Op-ed: EEOC Decision Guarantees Employment Protections for Transgender People
The Equal Employment Opportunity Commission's recent decision that transgender people are protected from employment discrimination by Title VII’s prohibition of sex discrimination is a tremendous victory for our community.
The decision was issued in response to a discrimination complaint filed by Transgender Law Center on behalf of our client Mia Macy, who was denied a job with a federal agency after she came out as transgender. This groundbreaking decision marks the first time that the EEOC — the federal agency charged with interpreting and enforcing federal sex discrimination law — has ruled that transgender people have a legal remedy for workplace discrimination and harassment based upon gender identity. The EEOC’s decision follows the strong trend in recent federal court decisions that have similarly held that sex discrimination laws like Title VII protect transgender employees.
Practically speaking, this means that when transgender people go to work, they can be confident that if they experience discrimination because of their gender identity, they have legal protection. They can go to an EEOC office anywhere in the country and file a discrimination complaint, and the EEOC will investigate and prosecute that complaint to the fullest extent of its authority. Previously, the remedies available to transgender people who experienced discrimination depended upon where they lived. Currently, only 16 states and the District of Columbia have employment nondiscrimination laws that explicitly protect transgender workers. The EEOC’s decision applies to all employers, public and private, that have 15 or more employees throughout the United States.

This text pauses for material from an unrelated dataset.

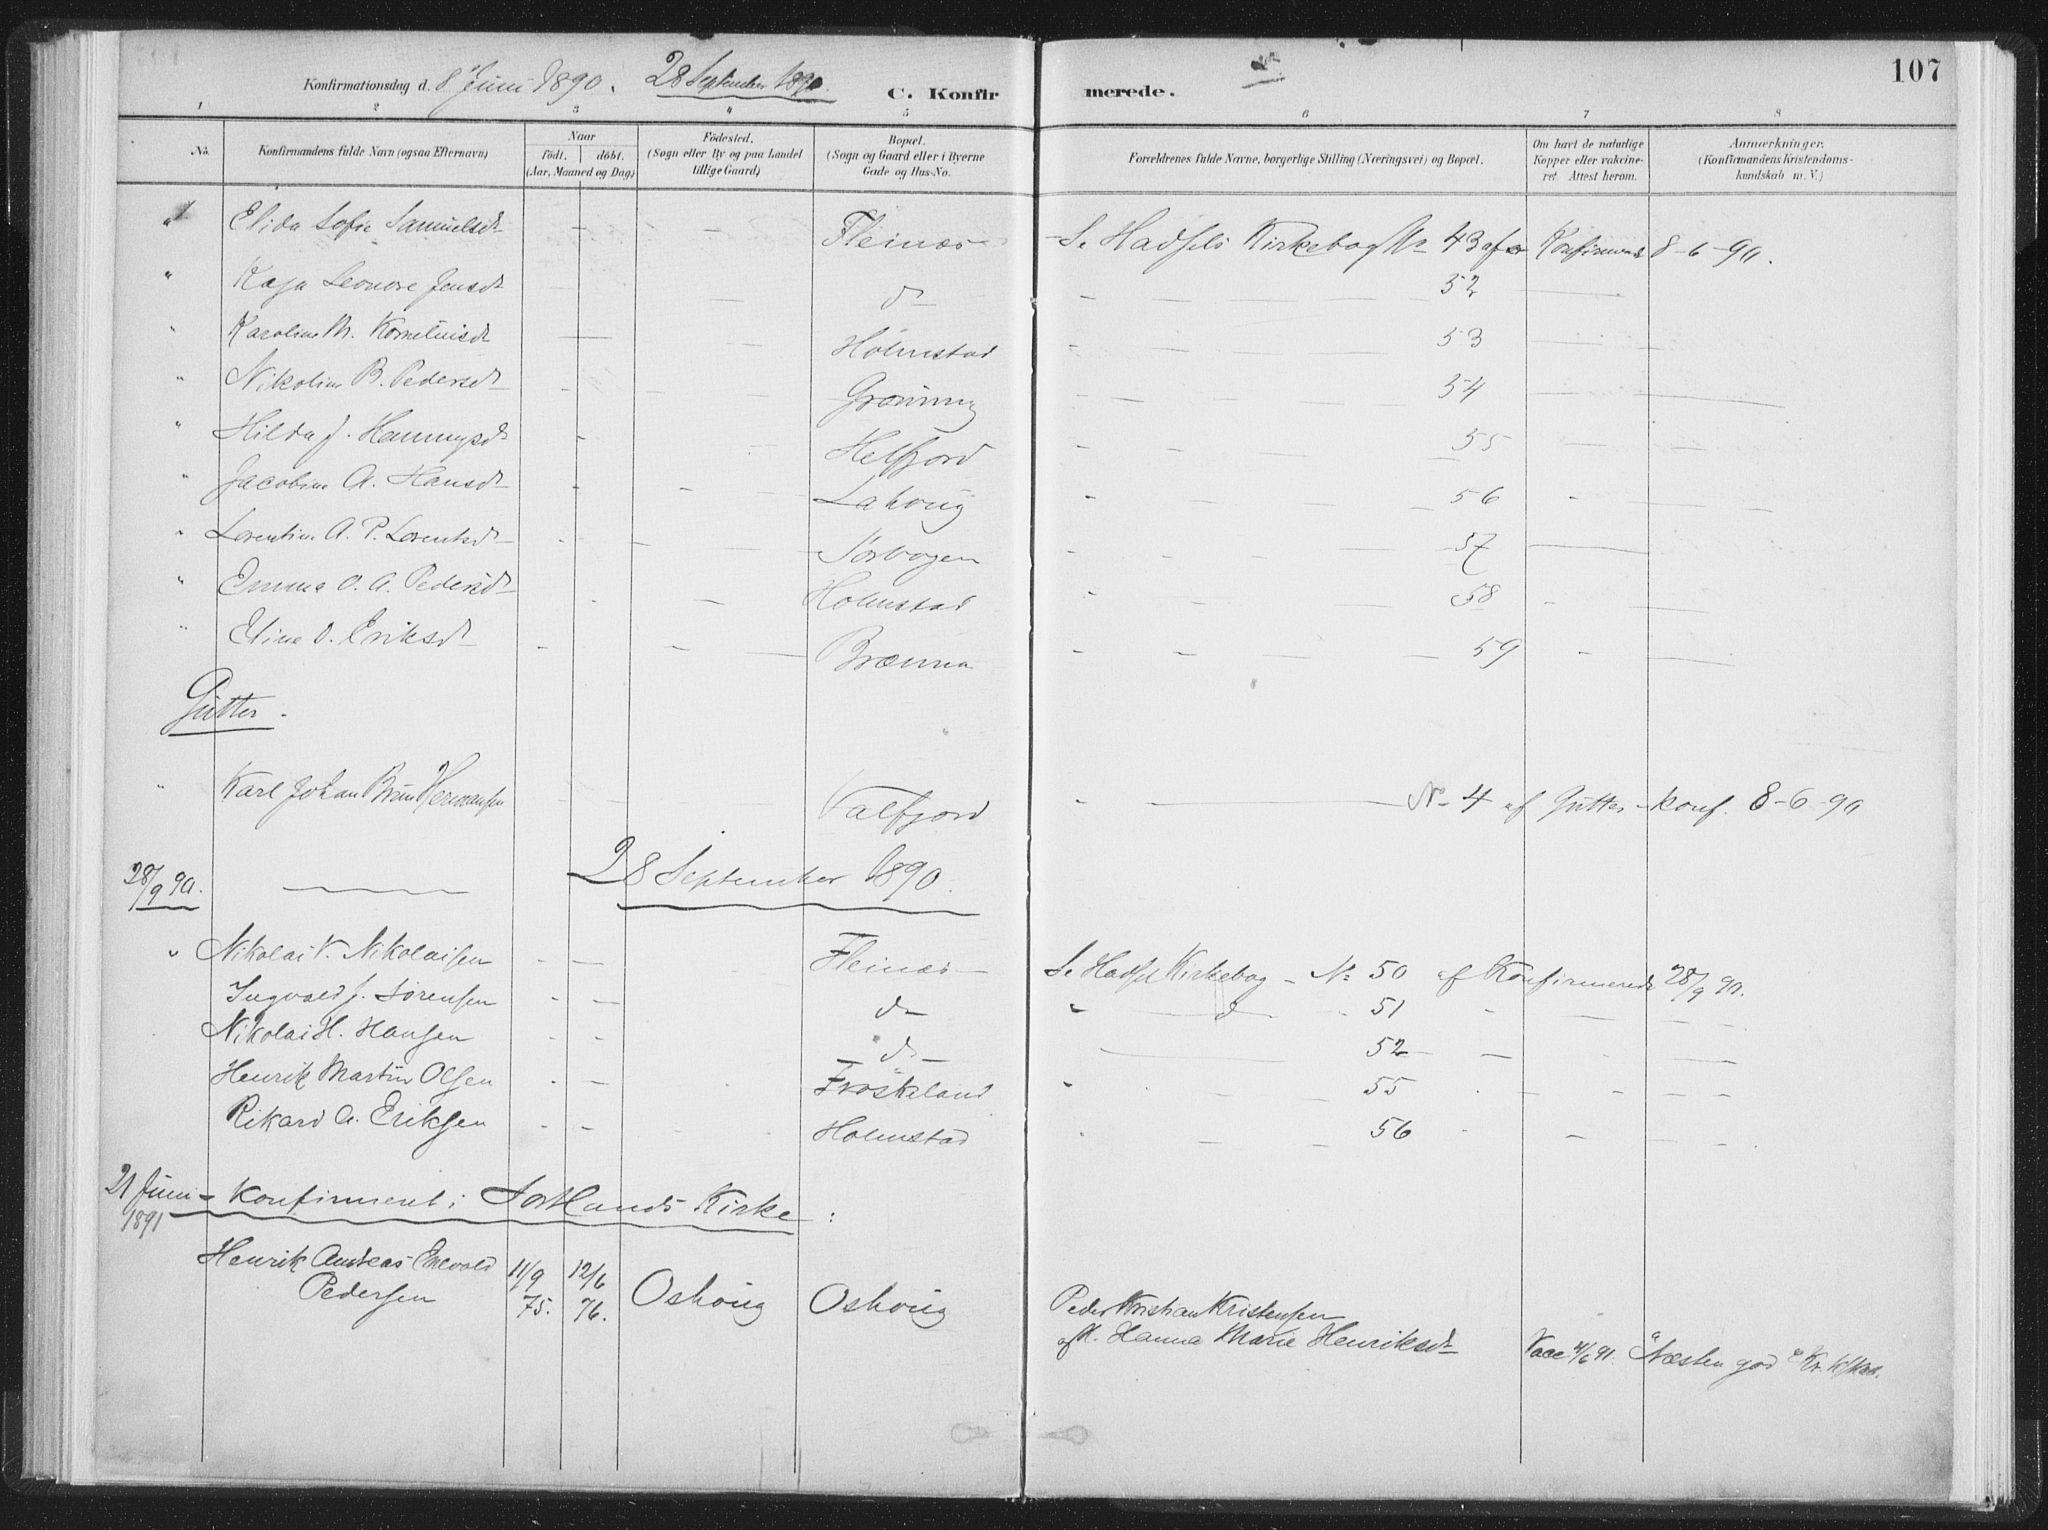 SAT, Ministerialprotokoller, klokkerbøker og fødselsregistre - Nordland, 890/L1286: Ministerialbok nr. 890A01, 1882-1902, s. 107

Just as important, the decision should have a preemptory effect as well. In addition to interpreting and enforcing federal nondiscrimination law, EEOC decisions provide guidance to employers about how to maintain a workplace that complies with federal law. This decision sends a clear message to employers that they have a duty to maintain a workplace free from discrimination and harassment based upon gender identity.
This decision was critically needed, given the high rates of unemployment and underemployment that transgender people face due to job discrimination. For example, a recent survey by the National Gay and Lesbian Task Force and the National Center for Transgender Equality showed that 78% of transgender survey respondents had experienced discrimination or harassment in the workplace because of their gender identity. The decision in Mia’s case will go a long way toward combating that kind of mistreatment.
MATT WOOD is a staff attorney for the Transgender Law Center, a San Francisco-based legal advocacy group that represents Macy.